Observation de la complexité des terres.

Racontée par
  • Devika Bakshi

Se promener dans une forêt tempérée peut être une expérience magique. Tous vos sens sont sollicités. L'air que vous respirez est humide et frais grâce aux arbres, aux buissons, aux fougères et à la couverture végétale qui absorbent le dioxyde de carbone et rejettent de l'oxygène et de la vapeur d'eau. Levez les yeux et observez comment les arbres les plus hauts se partagent le ciel, en disposant leurs branches et leurs feuilles en fonction de leurs voisins, un comportement appelé "timidité des cimes".

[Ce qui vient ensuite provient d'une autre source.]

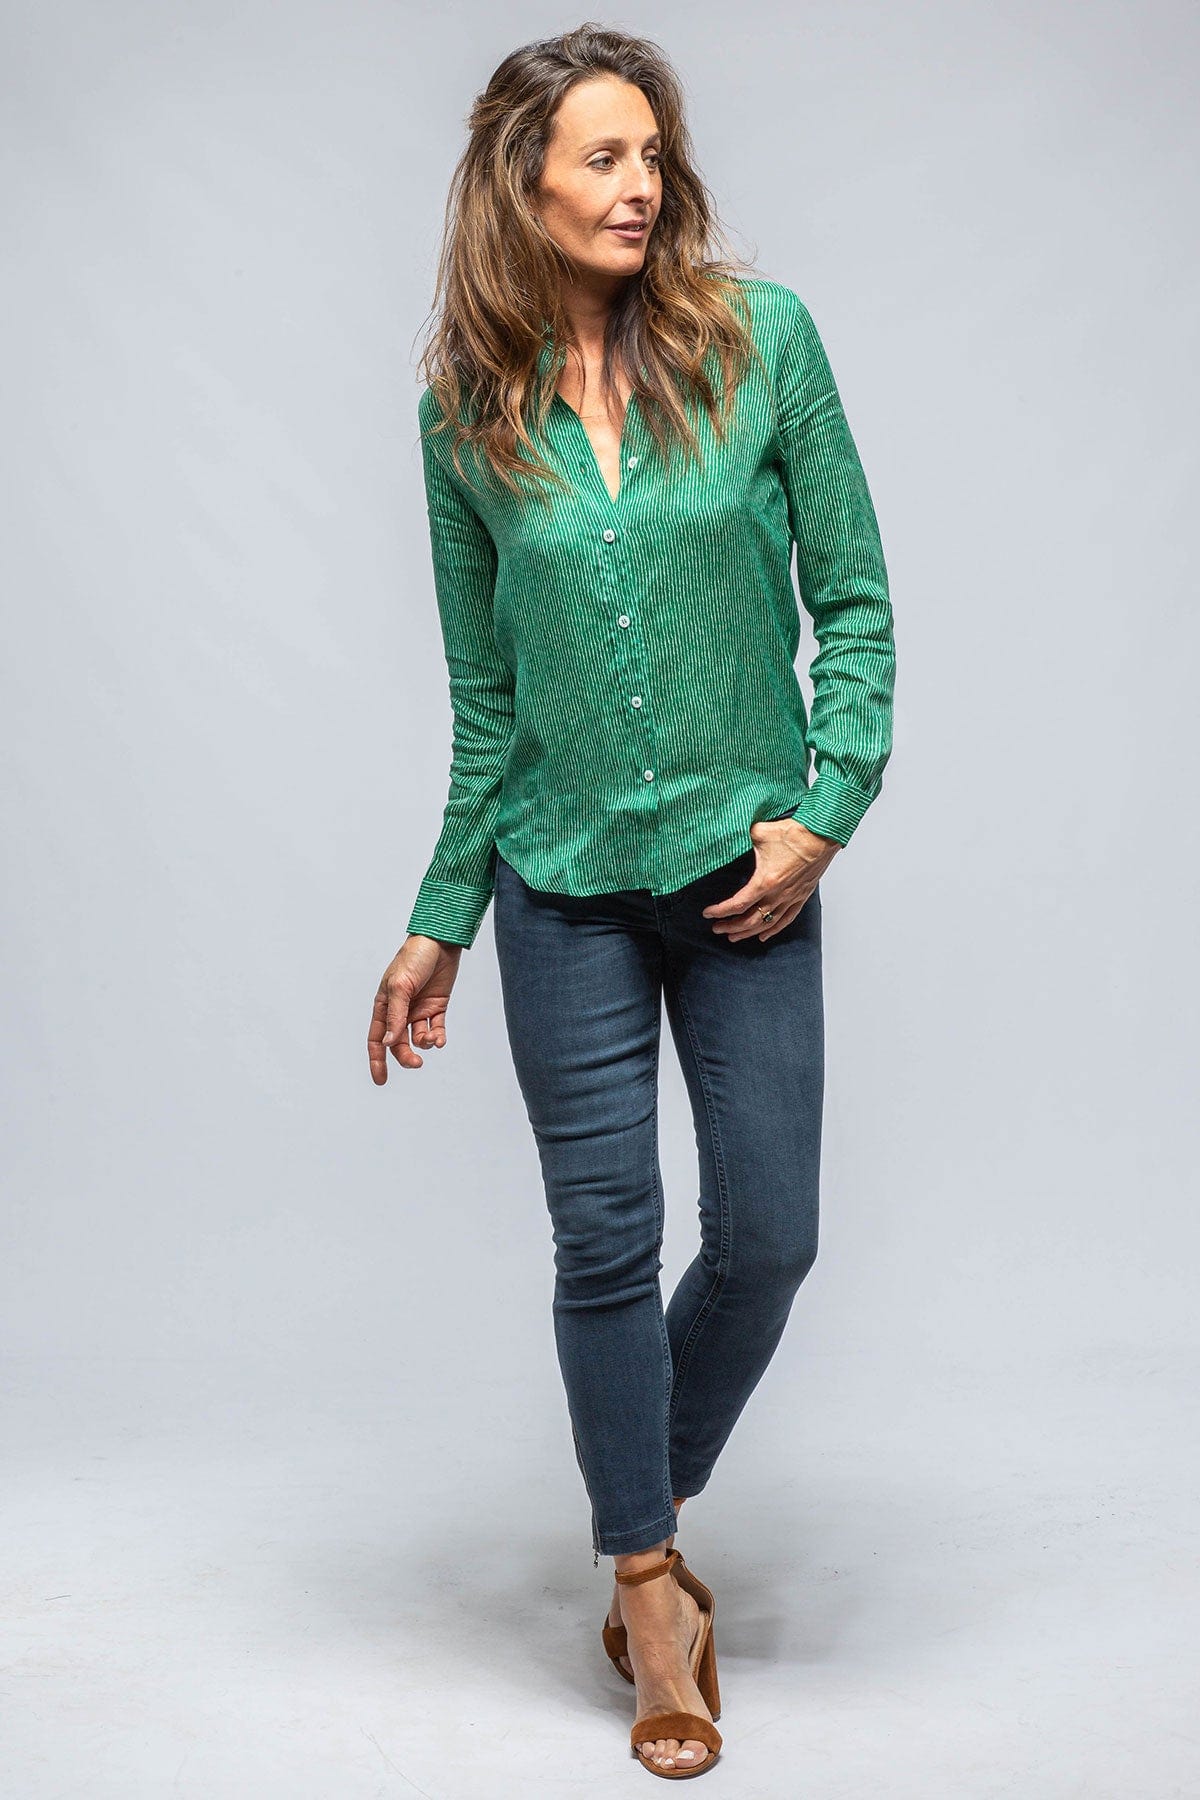 Dolce Thin Stripe Silk Blouse In Jade/White - AXEL'S

Regardez autour de vous et observez la vie à différents niveaux dans les sous-bois. Les jeunes arbres feuillus poussent lentement, en épaississant leur tronc de manière à pouvoir pousser rapidement pour se faire une place au soleil lorsqu'un espace s'ouvre au-dessus d'eux. Les aulnes, les peupliers, les bouleaux et les saules, qui poussent plus rapidement et dont le bois est plus tendre, émergent à la fin de l'hiver, sans se laisser intimider, même dans une forêt déjà surpeuplée. Ces arbres sont parfois qualifiés d'opportunistes ou de pionniers. En effet, ce sont les premiers à combler le vide après que la forêt ait été détruite par un incendie, des inondations, un glissement terrain, ou après que ses arbres aient été abattus.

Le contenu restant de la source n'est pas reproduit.